Accessory Fees and Ultrasounds : The FMSQ Announces Agreement in Principle

Speech given by Dr Diane Francœur, President of the Fédération des médecins spécialistes du Québec, at a conference called to update the press on ongoing negotiations regarding the issues of abolishing accessory fees and the public coverage of ultrasounds.

When we were in the process of inviting you to this press conference, we prepared two texts as we didn't know which one we would be presenting. In the meantime, we maintained our positions which we believed to be fair. We refused what we considered unacceptable requests, even abusive demands, by the Minister of Health, that were communicated to us last evening and again this morning, when we were close to agreement.

I wish to announce that, barely a few minutes ago at the end of an accelerated round of negotiations with representatives of the Ministère de la Santé et des Services sociaux, we concluded two agreements in principle, one dealing with the abolition of accessory fees associated with the provision of insured services and the other on the public coverage of ultrasounds in external radiology clinics. For the Federation, these two issues were linked and we insisted they be treated and settled together. In both cases, access to specialized care was at the centre of the stakes for the public.

We insisted on a serious and frank negotiation; these agreements are the results of our efforts. We worked conscientiously as we took into account the range of treatments and services that are offered to patients by the various medical specialties. This was not simple… not at all ! Our Federation represents 59 different specialties under the umbrella of 35 medical associations.

In broad strokes, here is the summary of what will be included in the agreements in principle that remain to be validated by our Federation's decision-making entities. To start with, I wish to apologize to my colleagues, who are Presidents of these associations and who are being informed of these agreements at the same time as you are.

The FMSQ has always said it would do its part and we have kept our word. We will be attributing an amount of close to $45 million to cover both agreements.

In particular, insofar as new services are concerned :

  • We will create new billing codes for the small, medium and large instrument trays that will allow medical clinics to perform diagnostic and minor surgical acts, including the famous vasectomy.
  • We have also settled in large part the issue of procedures in physiatry as an additional room will be added at the CHUM and technical platforms will now be available in physiatrist offices to facilitate the most frequent procedures.
  • We have asked the Association des médecins ophtalmologistes du Québec to revise its rates and to include drops and instrument trays to allow them also to perform diagnostic and therapeutic procedures.

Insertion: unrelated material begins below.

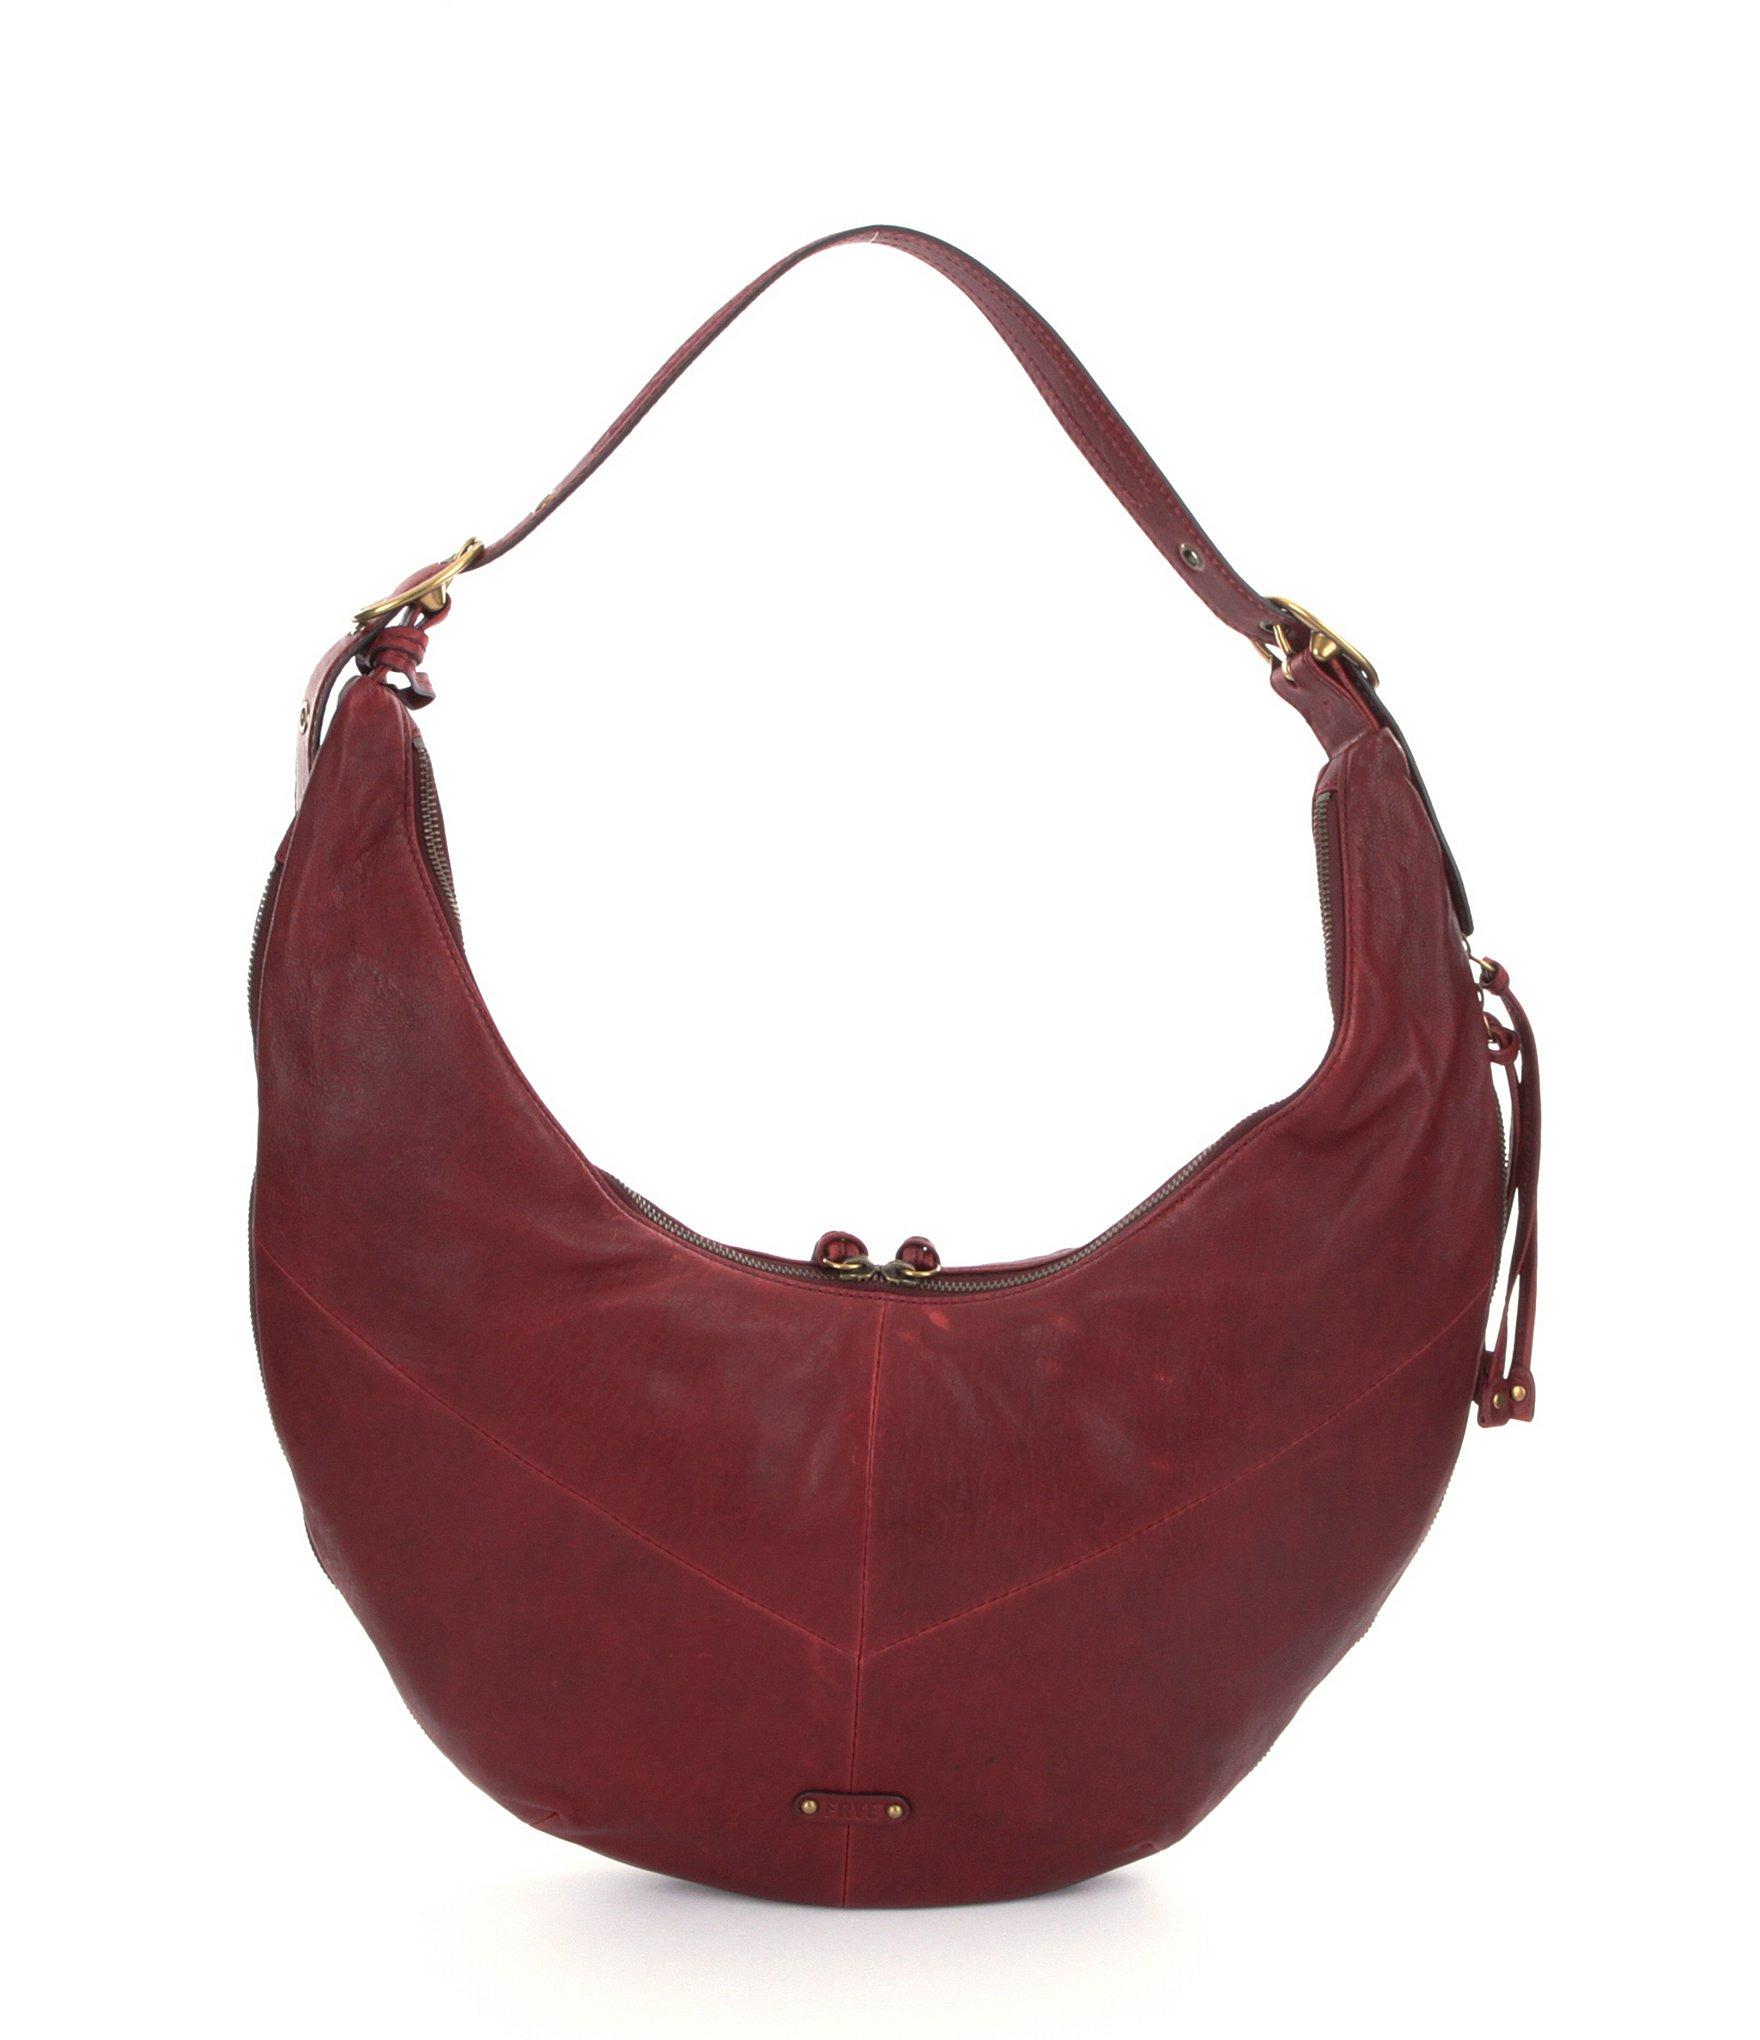 Lyst - Frye Belle Bohemian Hobo Bag in Red 634b2df72d3d8
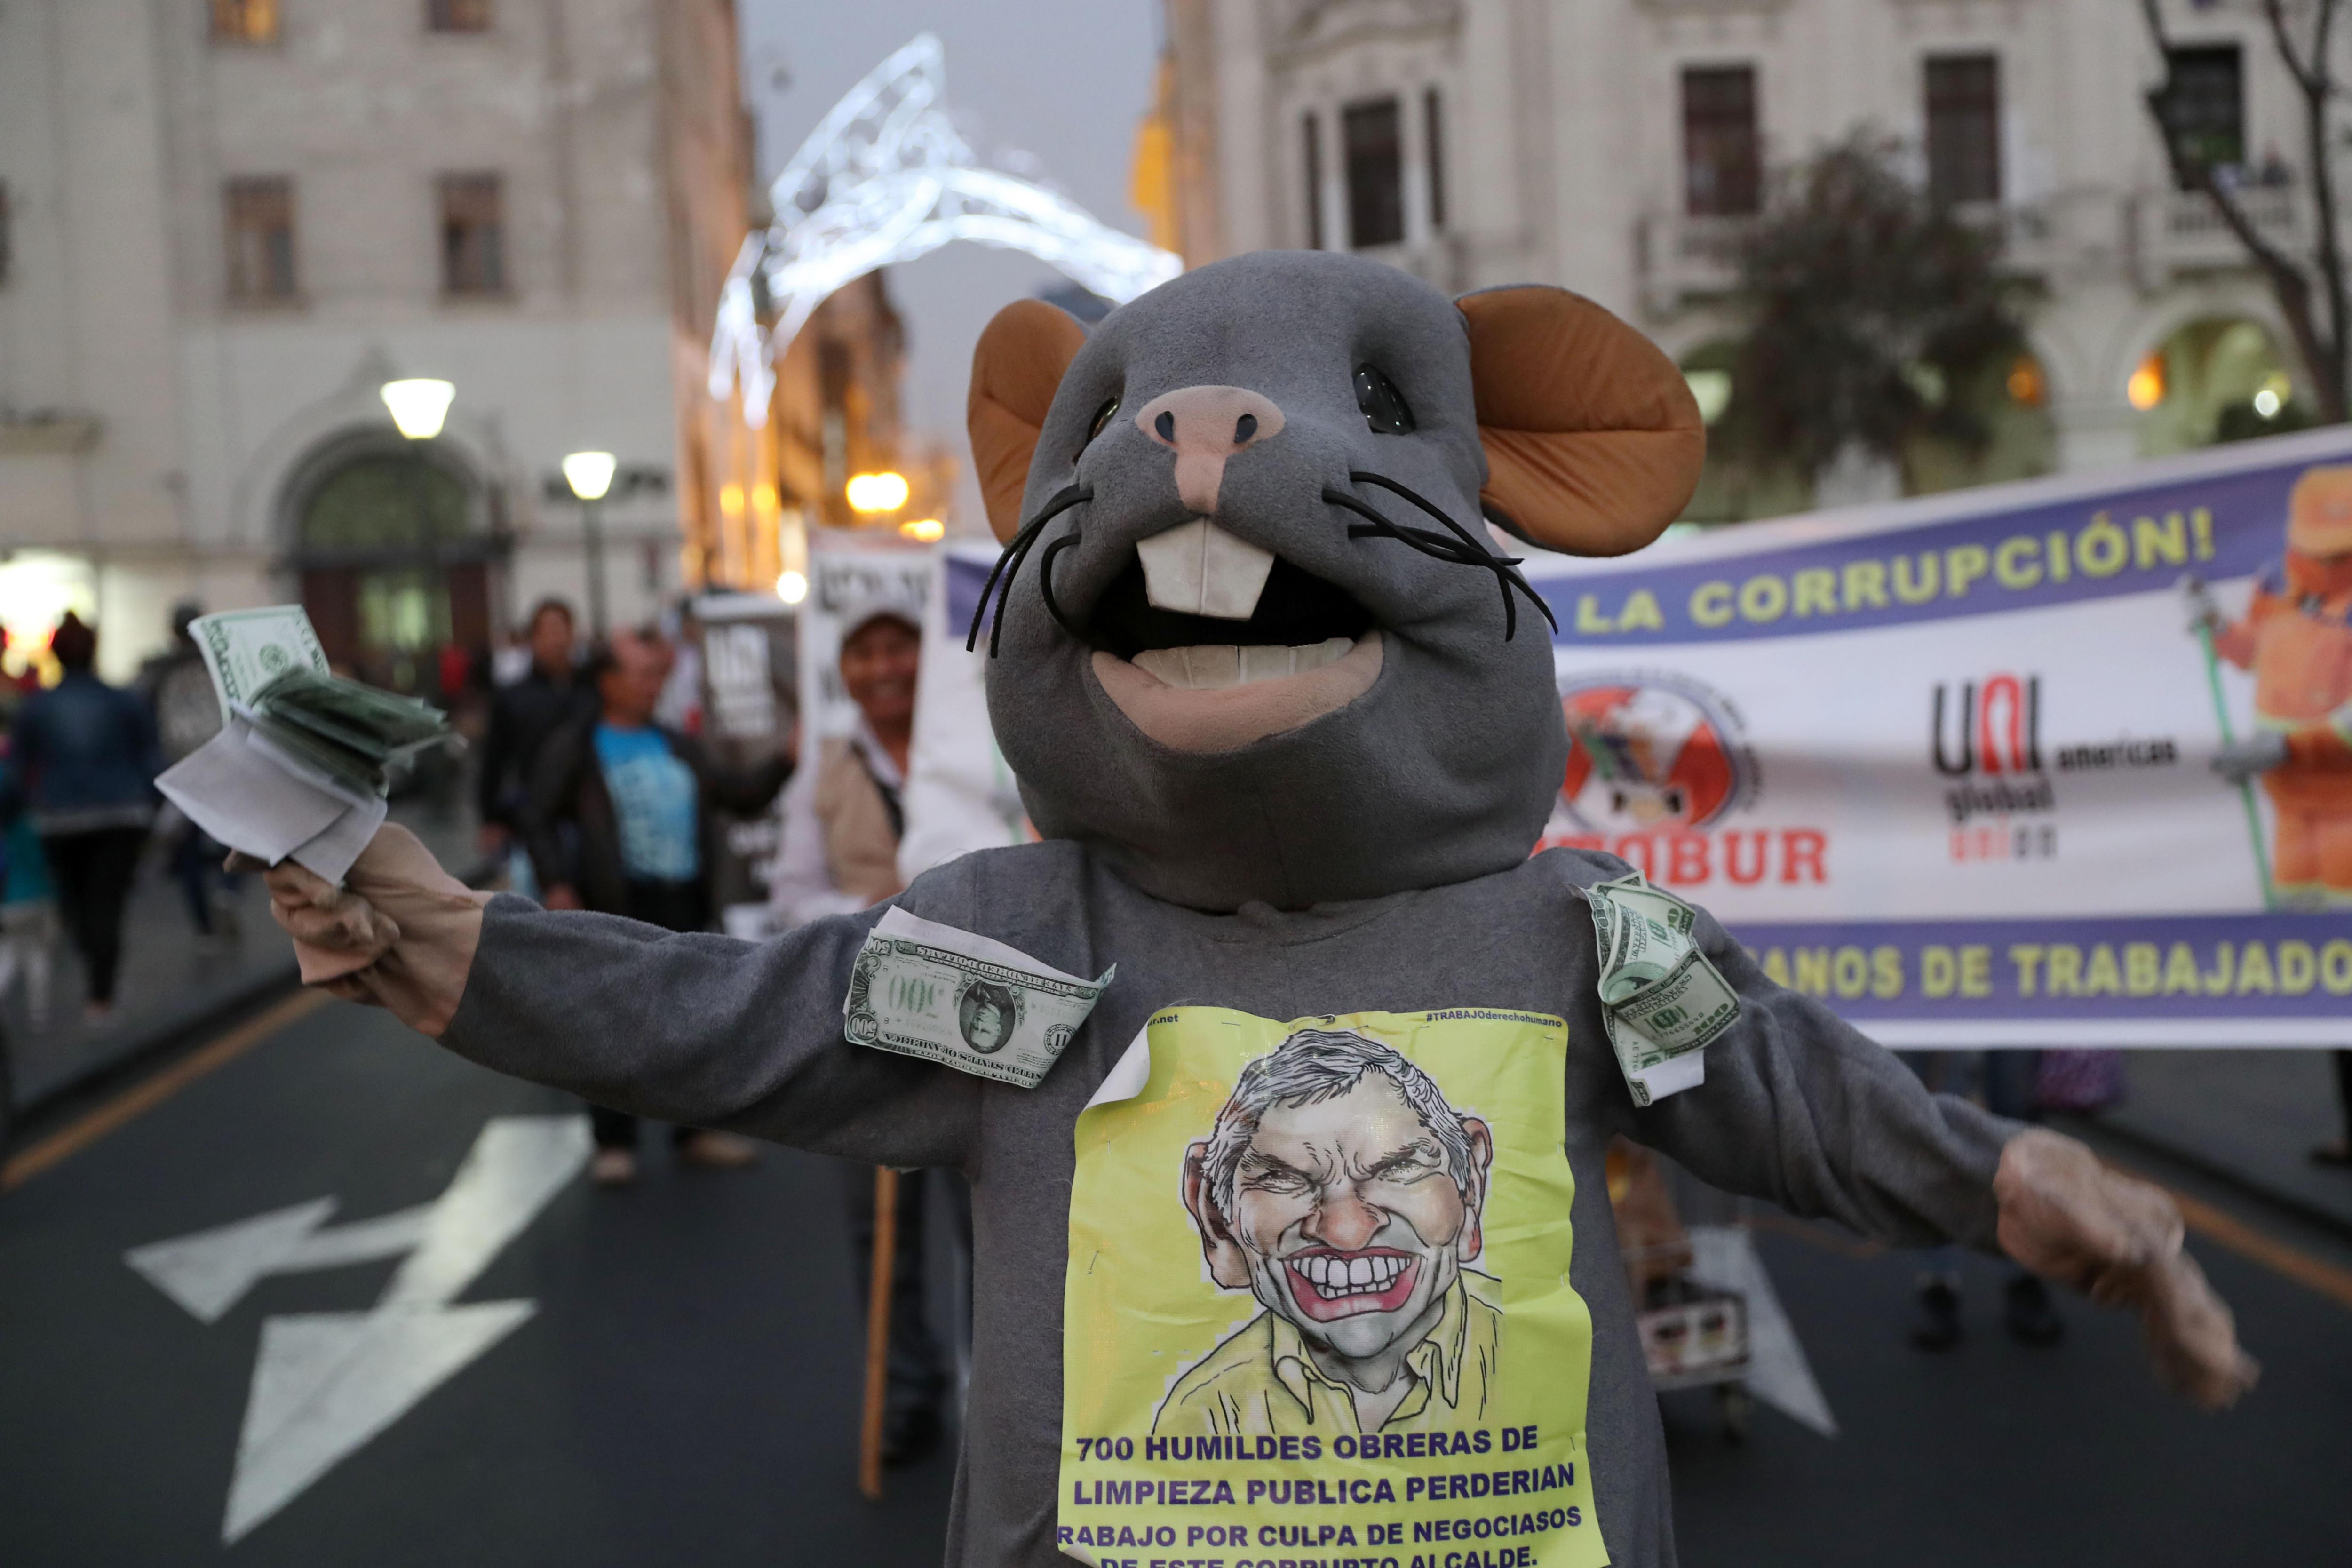 Centenars de peruans marxen contra la corrupció i en defensa de la democràcia. /ERNESTO ARIAS

As for the issue of ultrasounds, the Association des radiologistes du Québec will need to present the details of the agreement in principle and hope its general assembly will confirm the proposal.

There will still be a lot of confusion in the network as much for patients as for physicians. We will send the details of the agreements and the information needed by physicians to clarify expectations on both sides as soon as the final agreements are signed.

It is very important for the population to be informed that these agreements will not settle all the problems of accessory fees. We managed to salvage something in the short delay granted in order to reduce cuts in services to patients.

Once again, I repeat that even if we are satisfied with these two agreements in principle, they do not solve all the problems resulting from the two regulations imposed by Minister Barrette. There is still a lot of confusion in the field, because the distinction between what is allowed and what is forbidden is far from clear. We continue to deplore this state of affairs for patients who are the ones directly affected and for physicians and other healthcare professionals who have to go through an Nth reorganization.

Our aim has always been to maintain access in outside clinics because they are an essential component of the public healthcare system. Obviously, there is still work to be done to tie up the last details of these agreements in principle. It's said "the devil is in the details" and we are going to make sure nothing is left to chance.

The Federation will also continue to concentrate its efforts on the other issues that concern us because of their impact on patients and on the practice of specialized medicine. You can rest assured we will not be taking it easy.